→ **Your objective**:
All the lines below need to be transcribed exactly. Pictures get left out.

→ **Raw data**:
..........
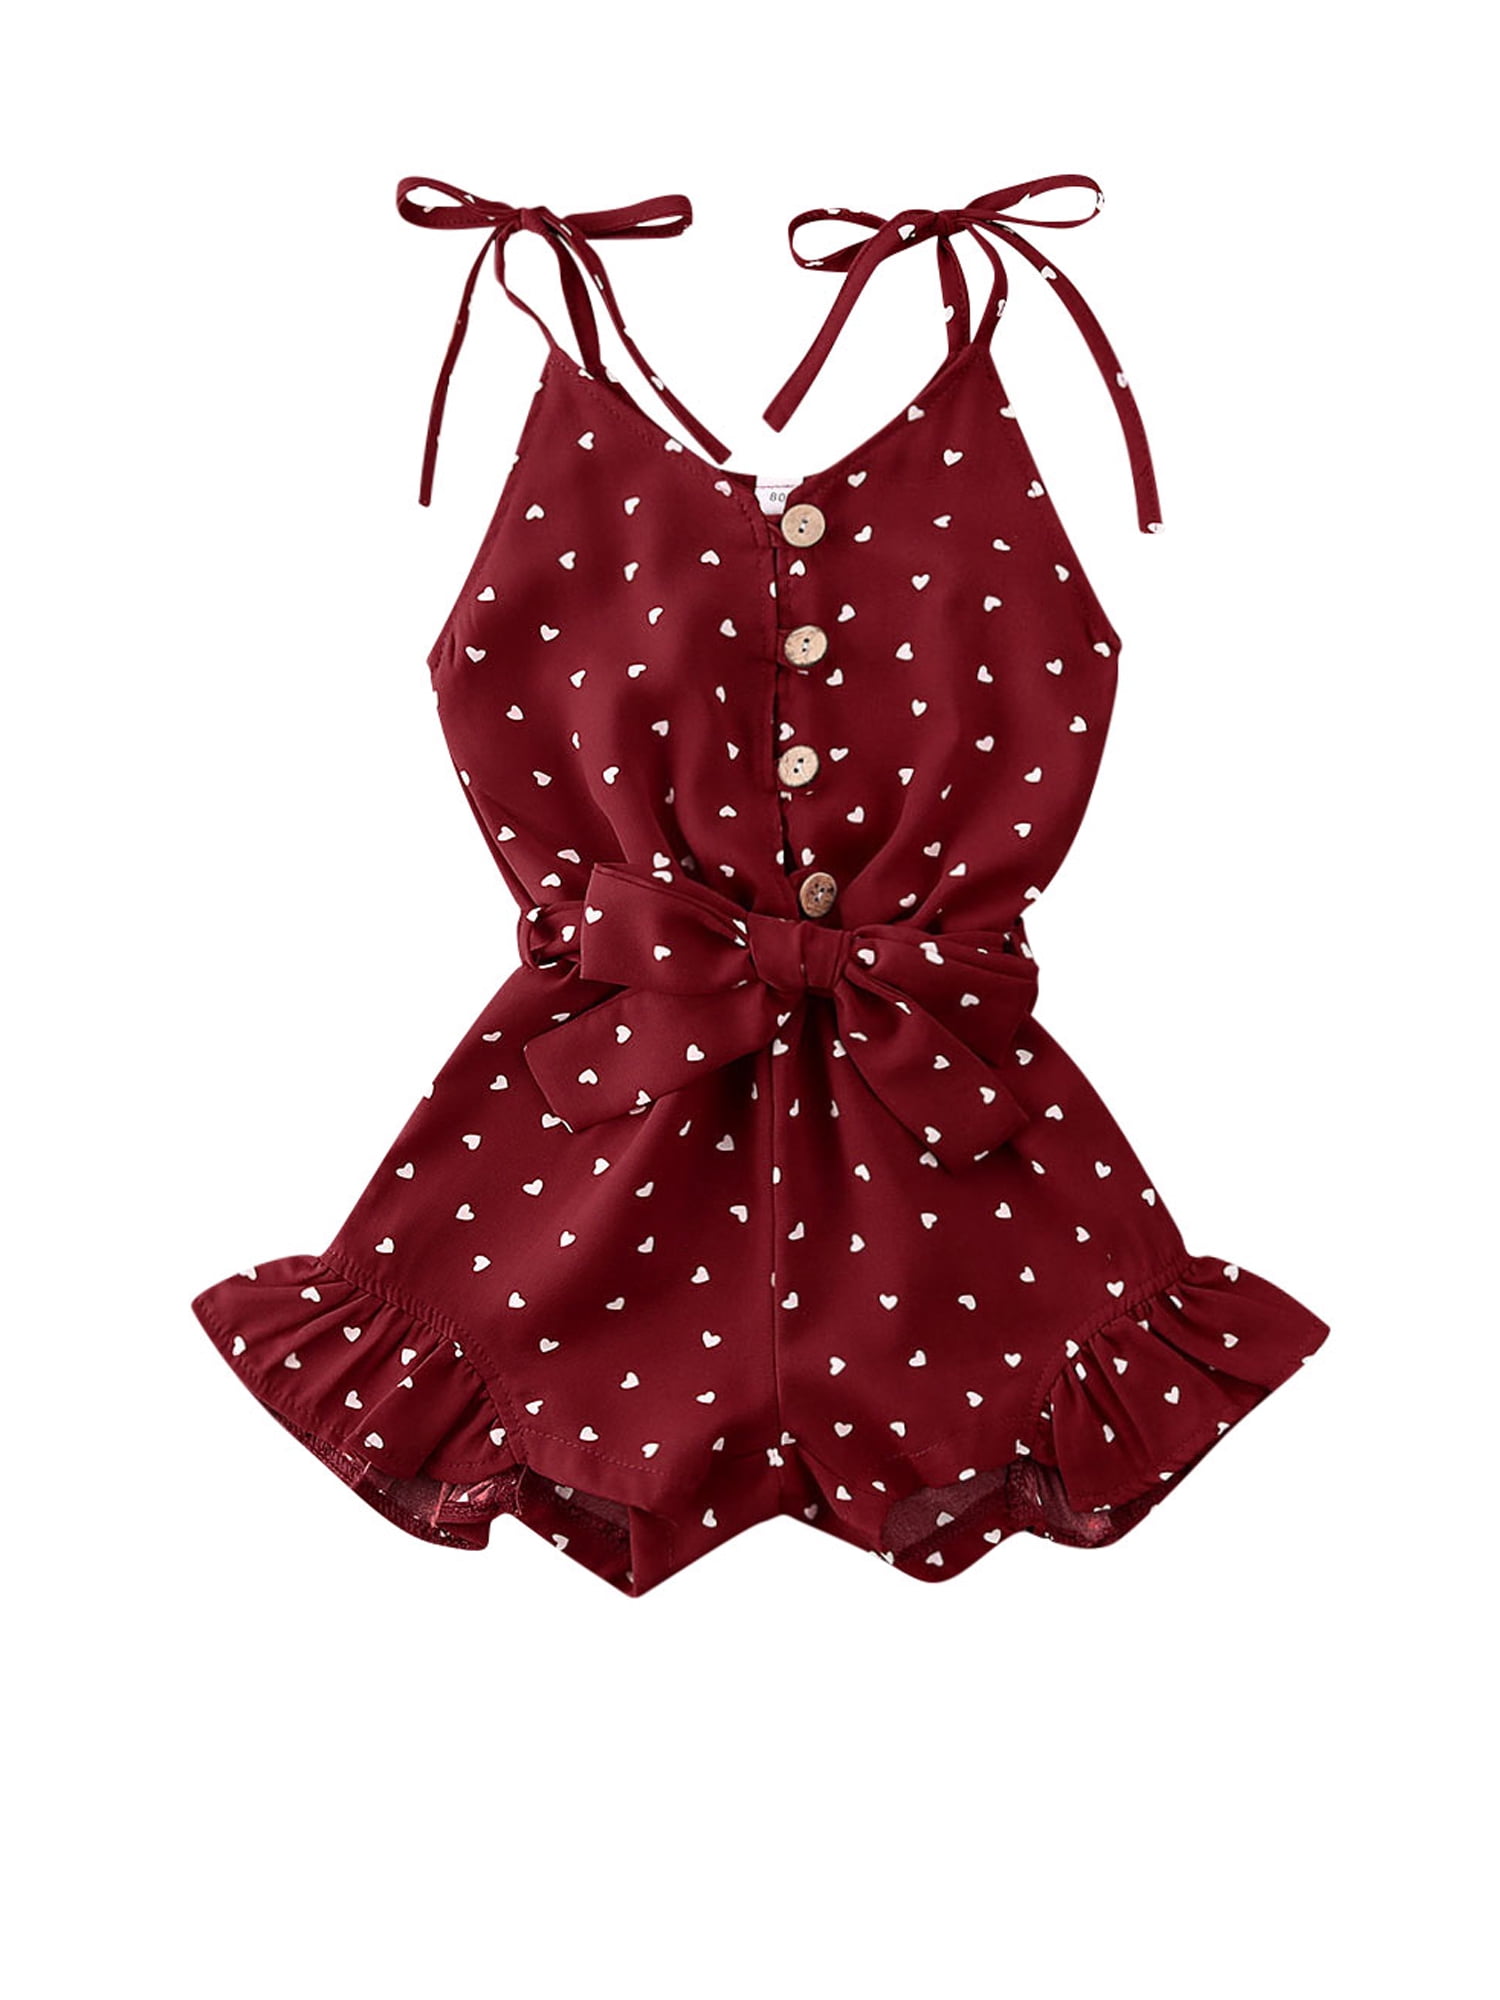 Toddler Baby Girl Polka dot Jumpsuit Floral Playsuit Sleeveless Bodysuit Clothes
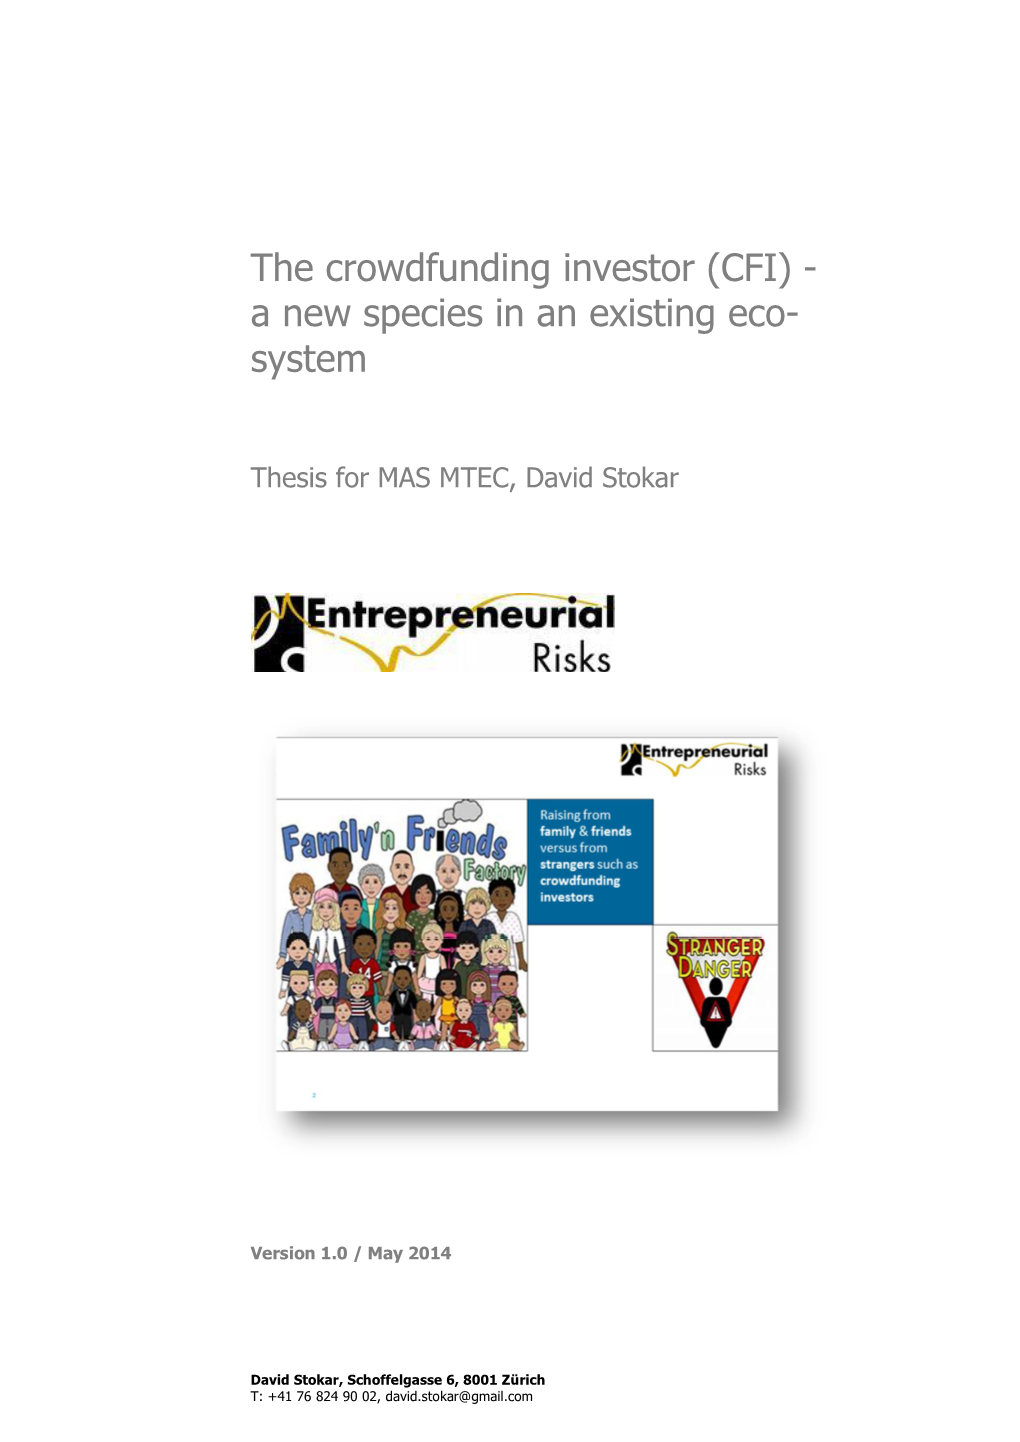 The Crowdfunding Investor (CFI) - a New Species in an Existing Eco- System
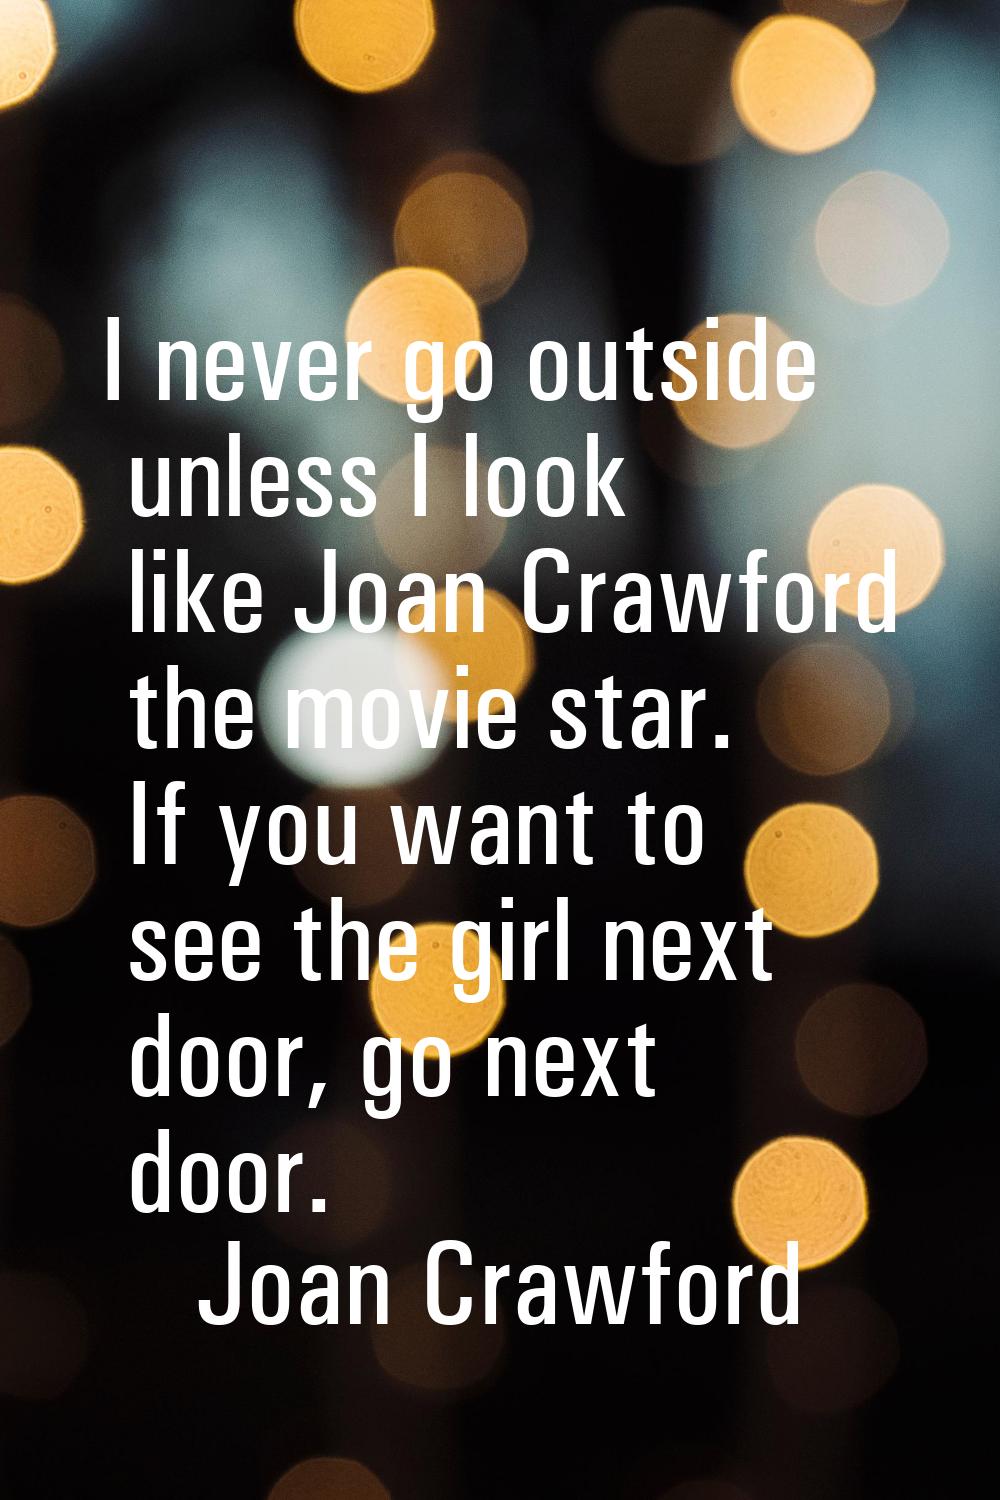 I never go outside unless I look like Joan Crawford the movie star. If you want to see the girl nex
..........
→ **Exercise answer**:
 Toddler Baby Girl Polka dot Jumpsuit Floral Playsuit Sleeveless Bodysuit Clothes
 The Crowdfunding Investor (CFI) - a New Species in an Existing Eco- System
 I never go outside unless I look like Joan Crawford the movie star. If you want to see the girl nex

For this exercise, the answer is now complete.